A man holds a plastic bag, standing just outside the hospital already past capacity. He rushes in all directions, not knowing where to go. His bag holds the limbs of his son.
Hospitals, already understaffed and overworked, so scarce of resource, are bombed or raided.
From the first couple weeks, a church in Gaza is bombed and mourners gather to bury the victims, Christians and Muslims alike. Not long after two women, a mother and daughter, shot dead trying to reach another church for safety.
Hospitals, churches, schools, and mosques, all in ruins. There is no sanctuary in the holy land.
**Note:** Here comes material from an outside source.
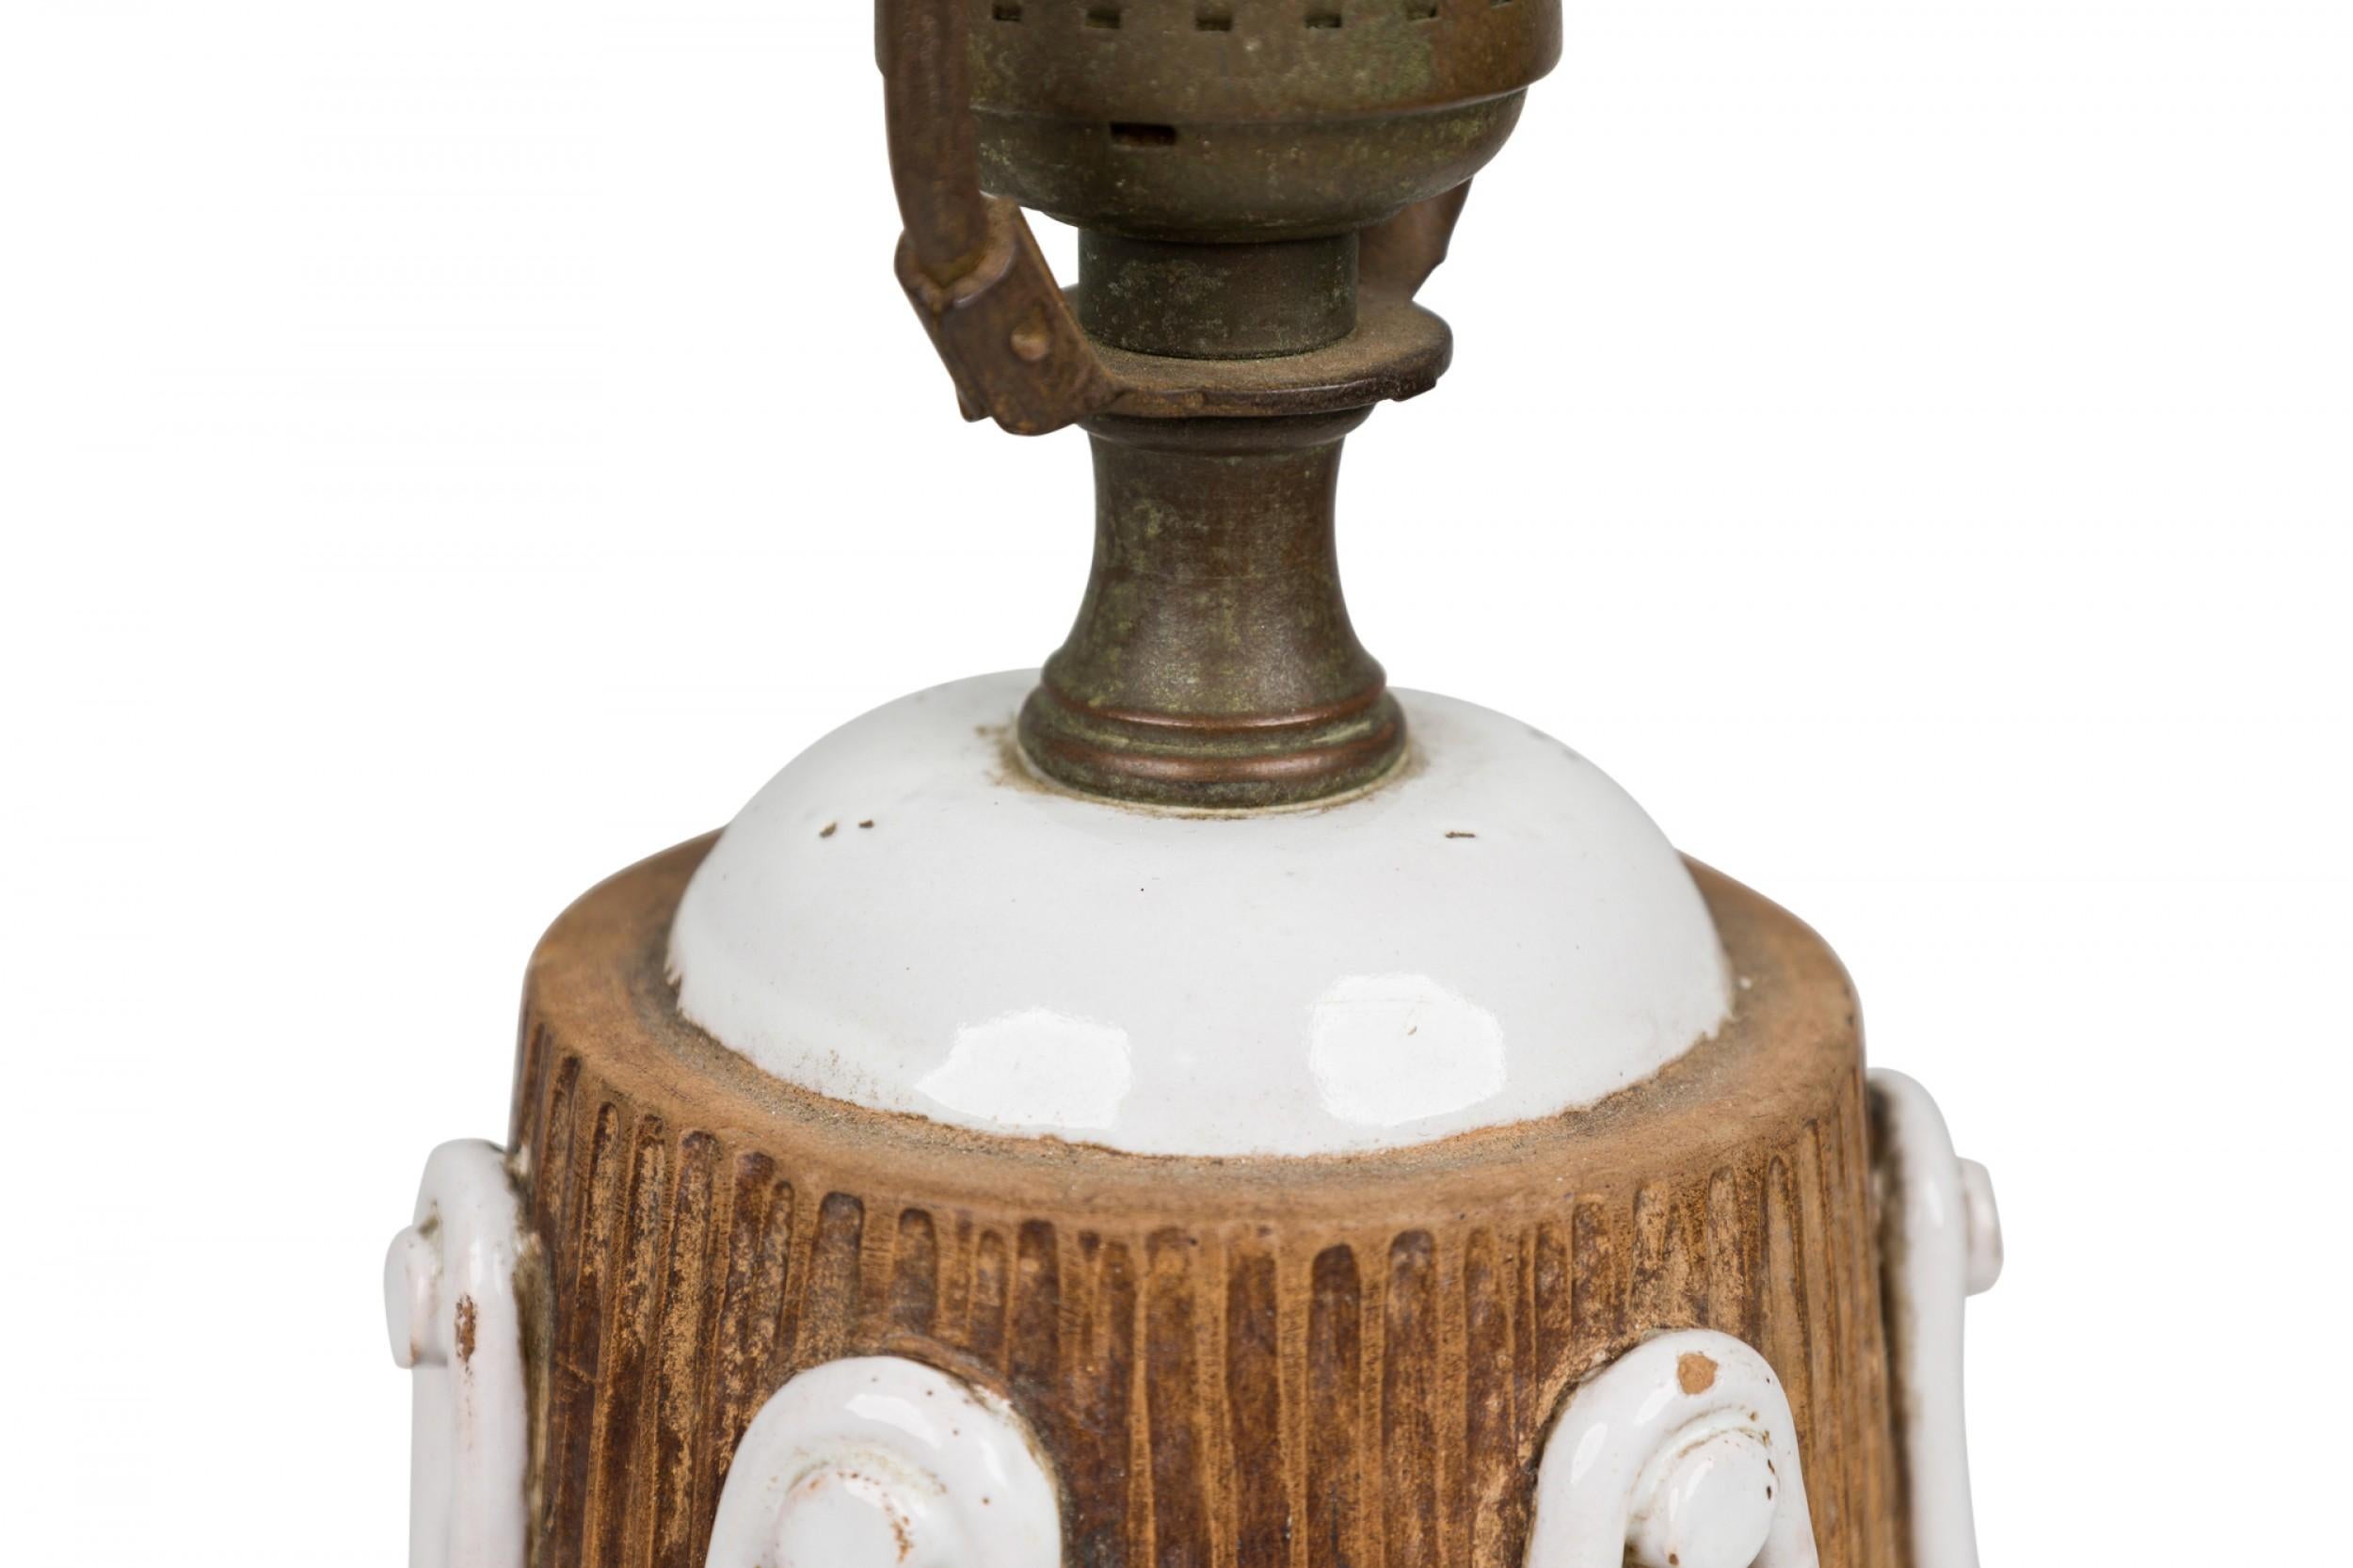 PAIRE de lampes de table italiennes du milieu du siècle en céramique de forme conique effilée avec des chapeaux en dôme émaillés blancs, des prises d'interrupteur et des harpes en laiton, les corps nervurés cuits dans une glaçure brune mate et

I write this while listening to the fireworks of the Victoria Day weekend. I remember the time my mom smiled and casually told me that this is what the bombs sounded like back home in Iraq. I sit here tonight, and I can’t help but think about how I, in this moment, get to enjoy fireworks, and today people in Gaza don’t even get to enjoy silence. No matter what politics or ideologies you follow, it is imperative to empathize with those who are suffering. At the hands of power struggles, it is innocent civilians, old and young, no different than us, that fall victim. With shadow banning and endless scrolling on social media it may become easy for us to scroll away and begin to ignore. These stories and their images are not easy to bear, but these are people’s lives; if you have nothing else to do to help them, at the very least do not forget them. These people are losing their homes and families and all sense of safety or normalcy, listen to their stories, do not forget them. They do not deserve your apathy. Not a day goes by where I don’t think about the countless martyrs and survivors in Gaza; I can only hope peace is restored in the land of peace.